Шрифт:
Интервал:
Закладка:
3. Пушкин – наше ничто. Творчество из пустоты
Пустота, жаждущая наполнения, но никогда не утоляющая своей жажды, – один из главных метафизических мотивов, который проводится Синявским в его размышлениях о Пушкине и русском национальном характере вообще. Книга Синявского «Прогулки с Пушкиным» оказалась его вторым, после трактата о соцреализме, постмодернистским манифестом и произвела двойной скандал, поскольку на этот раз к ряду «незначащих знаков» сводилось уже не официальное искусство советской эпохи, а святая святых национального мифа, то, чему предназначалось быть и оставаться первой любовью и вечным спутником народа в годину самых тяжелых испытаний. В восприятии и по поручению своих благодарных потомков Пушкин легко входил в любую роль: певца Русского государства и провозвестника русской свободы, друга царя и друга бунтовщиков, мятежного вольнолюбца и смиренного христианина, народного пророка и сторонника чистого искусства, пылкого любовника и заботливого семьянина, мечтательного романтика и трезвого реалиста. «Пушкин – наше все», – произнес Аполлон Григорьев крылатую фразу. «Пушкин – наше ничто», – мог бы переиначить ее Синявский.

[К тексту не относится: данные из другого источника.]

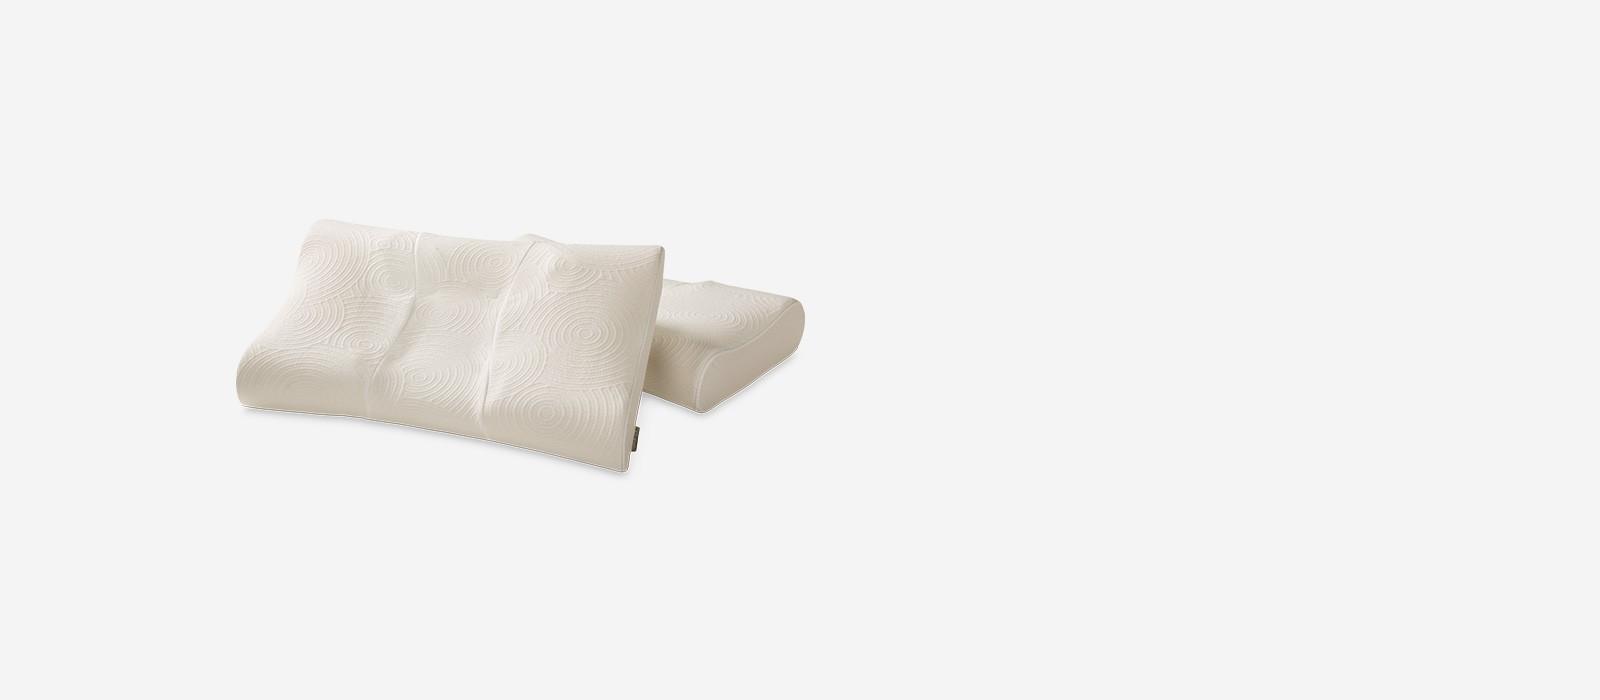 Tempur Protect Pillow Protector Tempur Pedic

«Прогулки с Пушкиным» (далее – ПСП), которые пересылались письмами жене из Дубровлага в 1966–1968 годах, стали первым и лучшим российским образцом «деконструкции» художественного мира, «постструктуралистским» прочтением классики, свободным от любой методологической натужности, как структуралистского, так и антиструктуралистского толка. Собственно, нет никакой нужды применять к «Прогулкам» поглупевшее от злоупотреблений тяжеловесное понятие «деконструкция». Напротив, можно расширительно обозначить жанр и метод истолкования, предложенный Синявским, «прогулкой» и понять весь постструктурализм как множество разнонаправленных прогулок – с Платоном и Руссо, с Шекспиром и Малларме, со всей классикой и мировой культурой. То, что Деррида впоследствии назвал «рассеянием и осеменением» смыслов в языке (dissemination), а Делёз и Гваттари – «детерриторизацией» (перемещением), у Синявского раньше того выразилось простой формулой «искусство гуляет» (ПСП, 436). И критику ничего не остается, как гулять вместе с художником, то есть постоянно уклоняться от однонаправленного понимания путей искусства. Только нам показалось, что вот оно куда-то ведет, чему-то служит, к чему-то призывает… «Оно все это делает – до первого столба, поворачивает и – ищи ветра в поле» (ПСП, 436).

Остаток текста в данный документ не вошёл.